Vita akhirnya naik ke boncengan Shaka dan beberapa saat kemudian, motor itu melaju.
"Kita ke optik dulu. Gue ganti kacamata lo setelah itu terserah lo mau tanya apa aja," kata Shaka.
Vita hanya mengangguk pelan. Dia menjaga jarak dengan Shaka dan menyisakan ruang di antara mereka. Dia juga harus waspada dengan pria yang baru saja dia kenal itu.
...***...
"Arvita? Dia adik lo?"
Arvin menghentikan motornya karena pertanyaan itu sangat mengganjal perasaannya.
Papa pernah bilang kalau Mama punya anak lagi tapi dengan pria lain. Yah, mungkin hanya kebetulan saja namanya sama atau ada sesuatu yang tidak aku ketahui?
Kemudian Arvin mengambil ponselnya. Dia sudah menelusuri perusahaan produksi film yang mengadaptasi drama dari novel milik Gita Asmara.
"Aku harus mencari informasi tentang Gita Asmara. Mungkin saja dia memang Mama." Setelah mencari di google map, dia segera melajukan motornya menuju perusahaan itu.
Setelah melewati kemacetan yang cukup panjang, Arvin akhirnya sampai di depan perusahaan itu. Dia menghentikan motornya di tempat parkir.
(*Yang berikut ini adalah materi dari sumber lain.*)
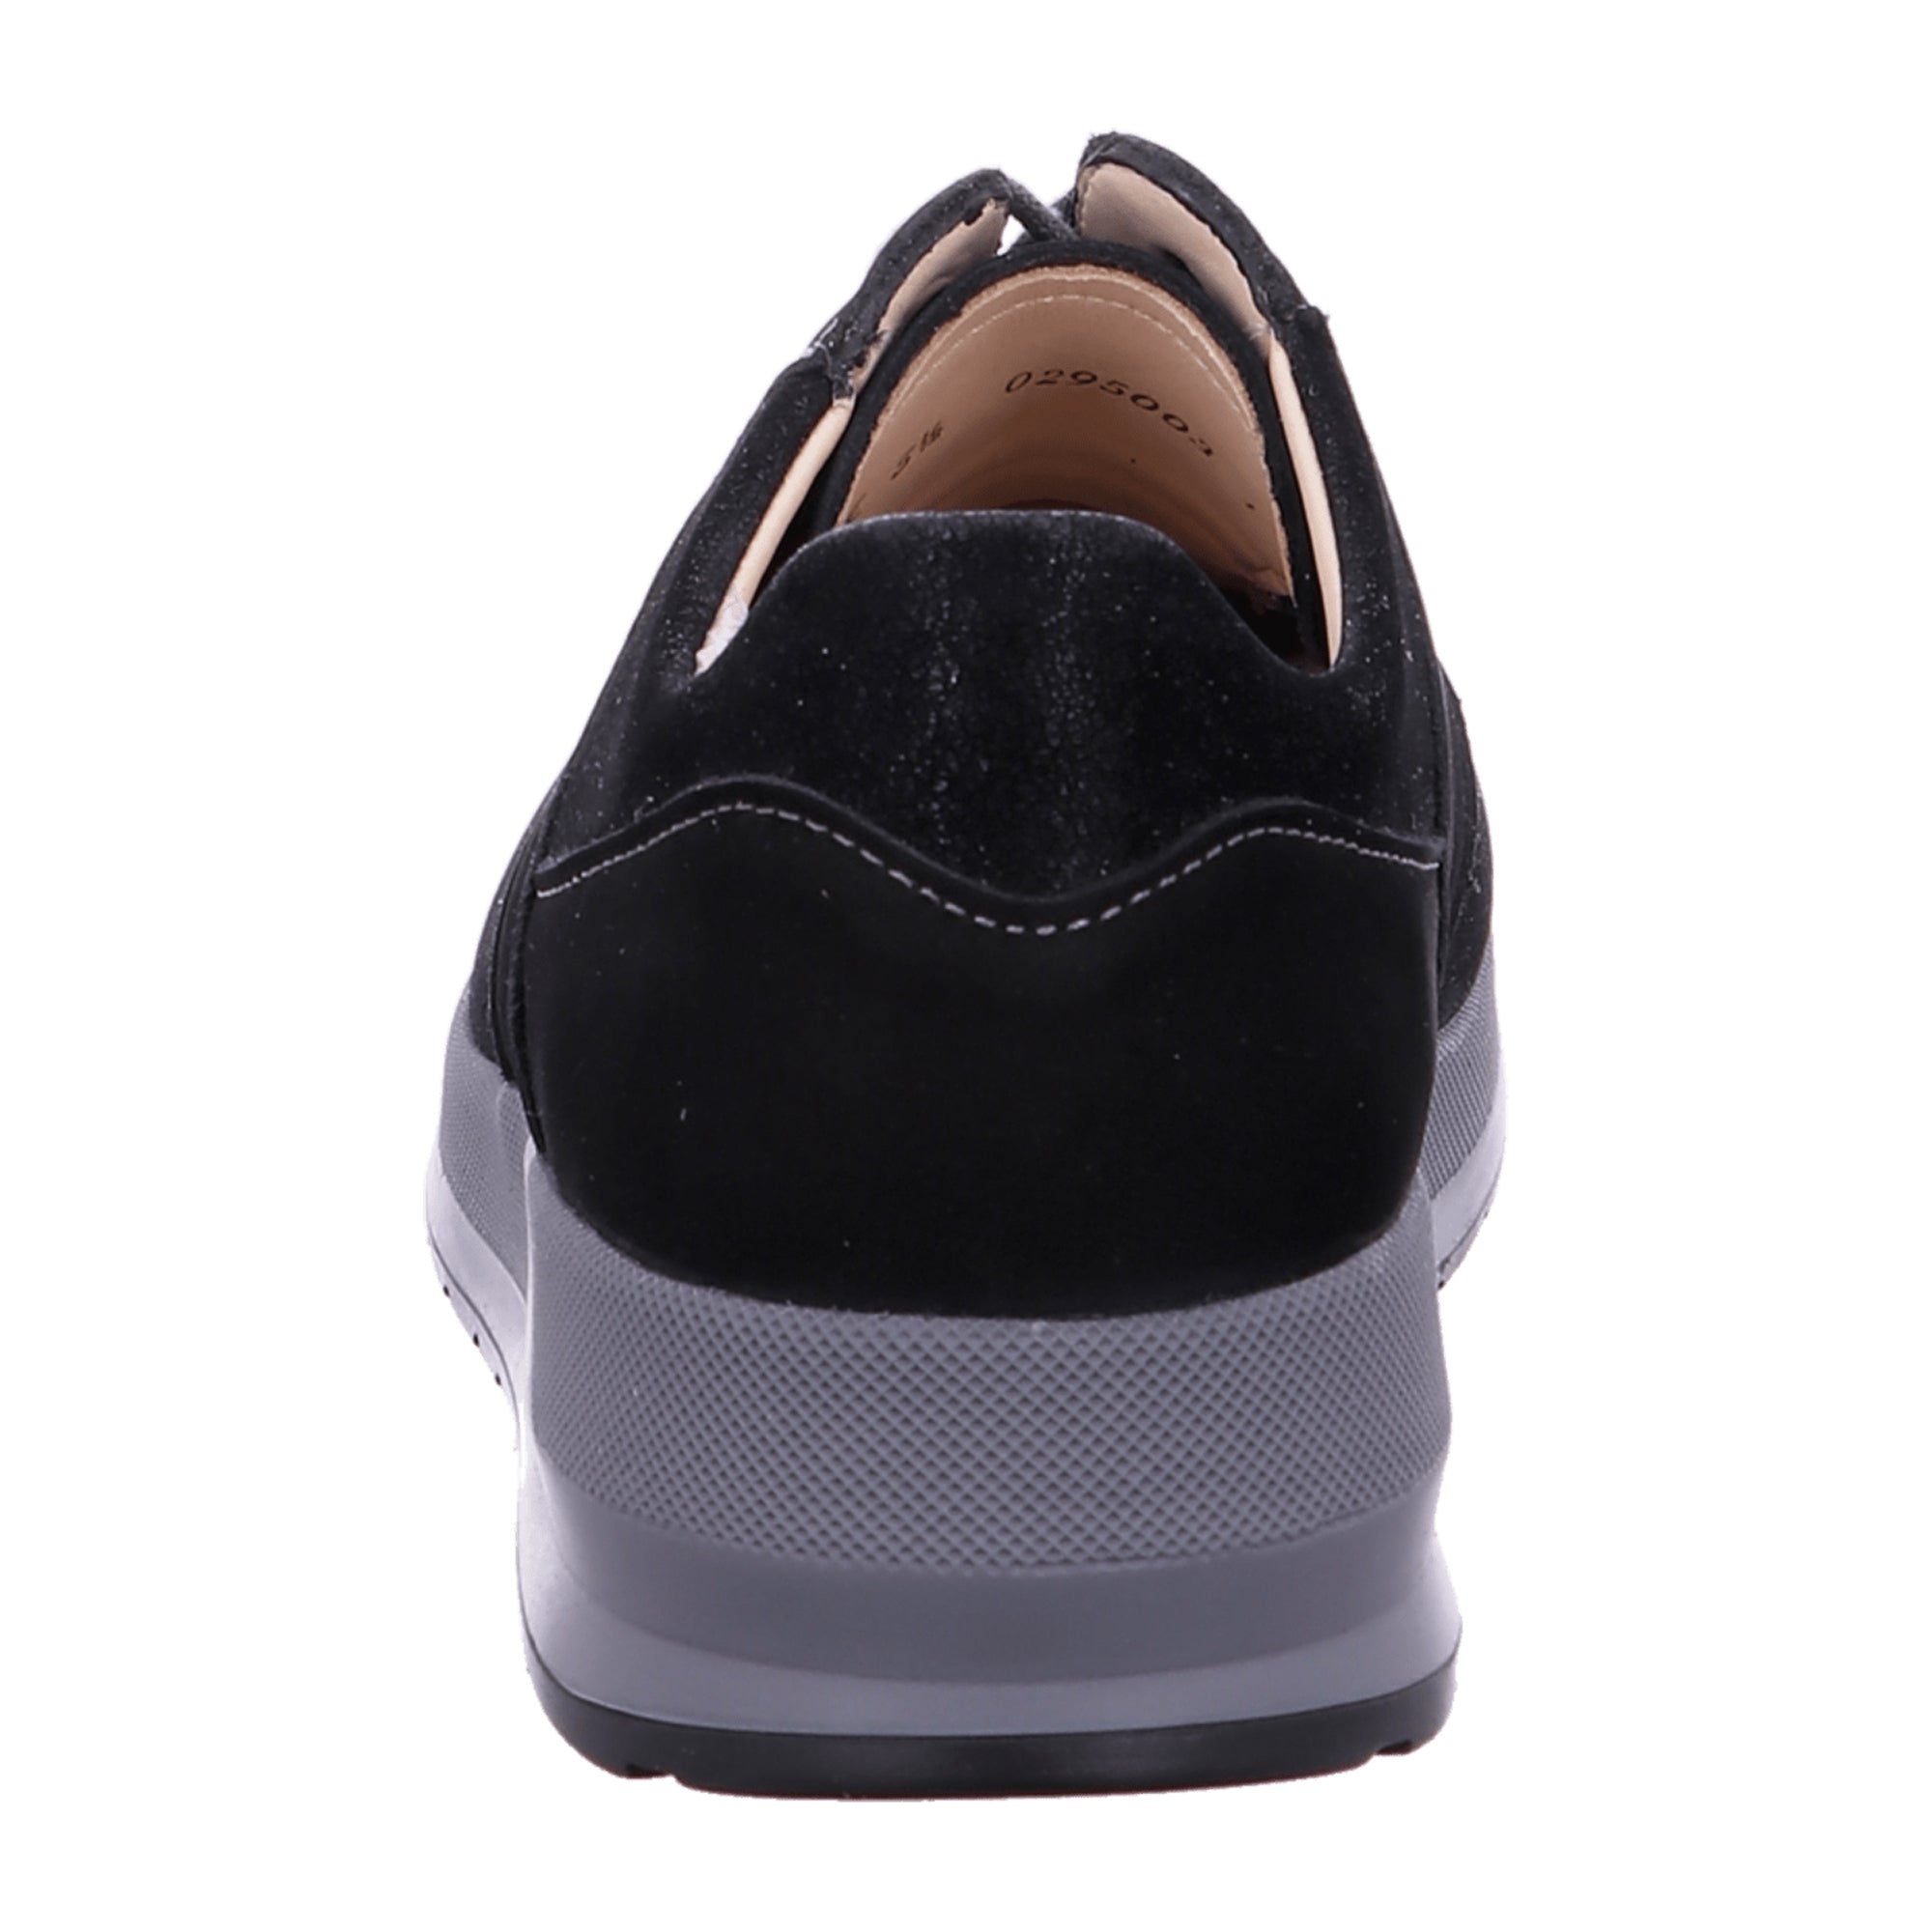 Finn Comfort Caino Women's Orthopedic Comfort Shoes, Sleek Black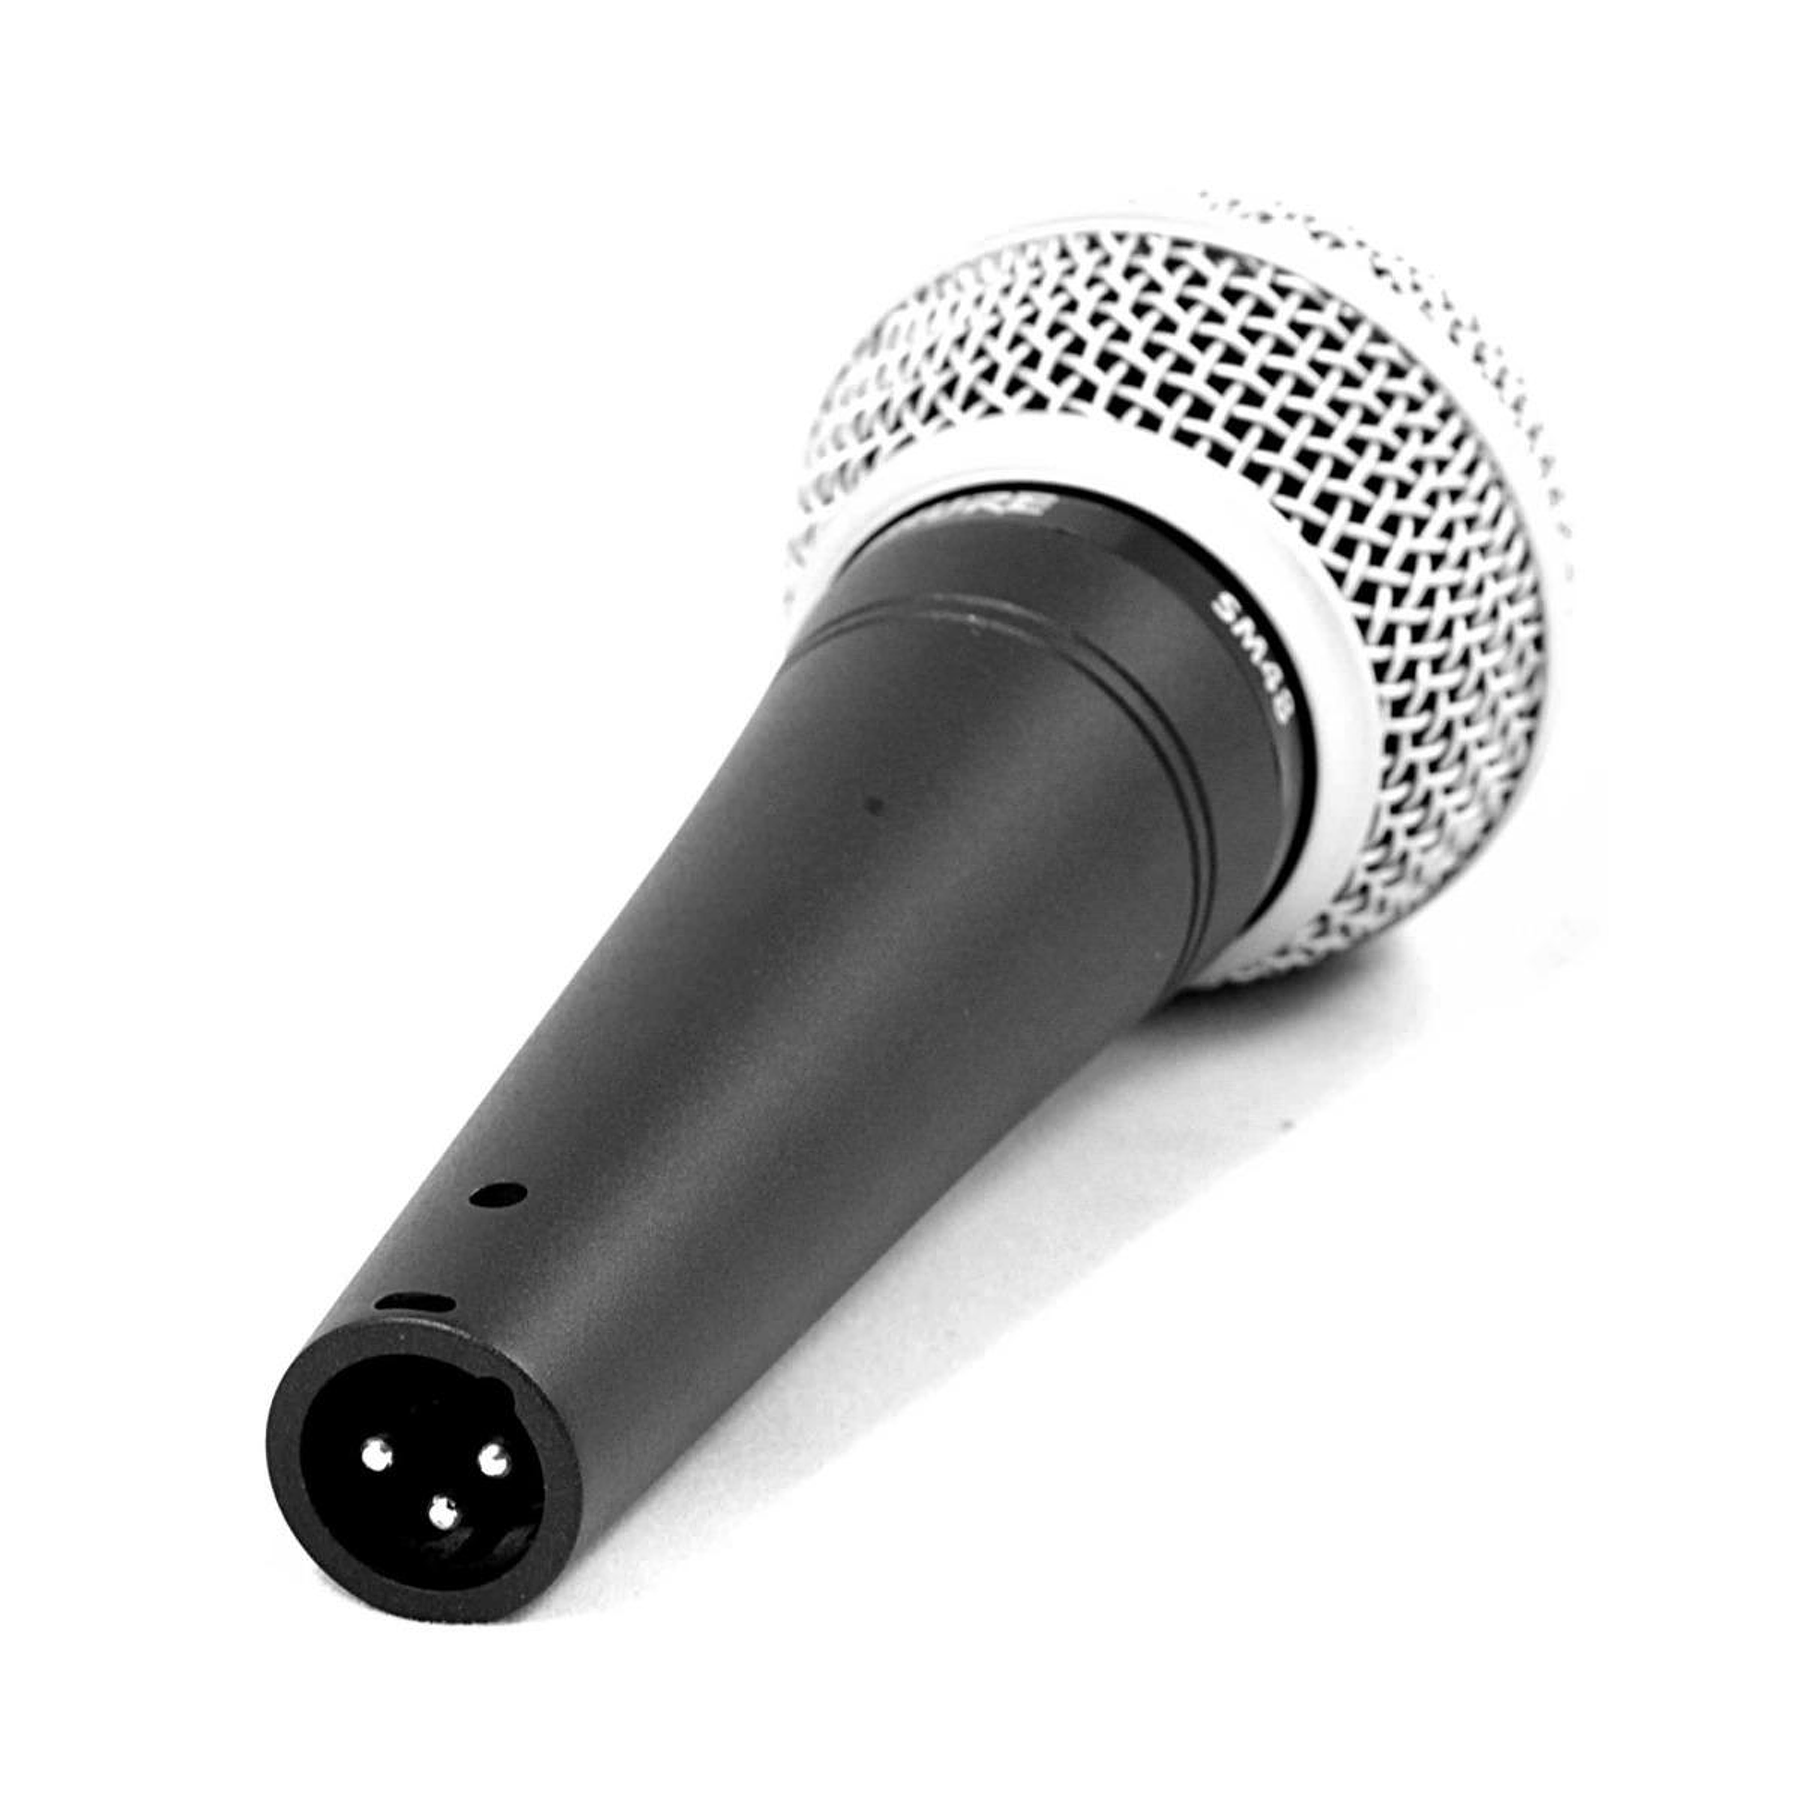 Microfono Vocal Dinamico Shure SM48-LC

Dia akan masuk ke dalam perusahaan itu tapi dihentikan oleh petugas keamanan.
"Mau bertemu siapa?"
"Bu Gita apa bekerja di sini?" tanya Arvin.
"Bu Gita siapa? Jika tidak ada kepentingan, dilarang masuk."
Arvin tak bisa memaksa masuk. Dia tidak punya alasan yang tepat untuk masuk ke dalam perusahaan itu.
Apa aku sebarkan saja foto Mama di media sosial, tapi nanti Papa pasti marah.
Arvin berjalan pelan kembali ke tempat parkir. Tanpa sengaja dia melihat banner audisi dan setumpuk pamflet di tempat pengumuman.
"Audisi band untuk mengisi original soundtrack dengan ketentuan memiliki lagu ciptaan sendiri." Arvin tersenyum dan mengambil satu lembar pamflet itu. "Ini kesempatanku masuk dalam dunia musik. Siapa tahu aku juga bertemu Mama jika berhasil bergabung di perusahaan ini. Tapi audisinya satu minggu lagi. Apa aku bisa?"
Arvin segera menaiki motornya dan melaju menuju basecamp-nya. "Tidak ada salahnya mencoba. Aku pasti bisa!"
...***...
"Sekarang sudah jelas kan ketampananku?" tanya Shaka sambil tersenyum.
"Ih!" Vita membenarkan kacamatanya yang baru saja dibelikan Shaka. "Sebenarnya tidak perlu diganti juga. Aku masih punya cadangan di rumah."
"Tidak apa-apa. Model yang ini cocok banget sama lo." Shaka telah memesan dua minuman. Tentu saja, Shaka memanfaatkan kesempatan ini dan mengajak Vita mengobrol di kafe.
"Gak usah bahas masalah lain, langsung pada intinya," kata Vita dengan tegas.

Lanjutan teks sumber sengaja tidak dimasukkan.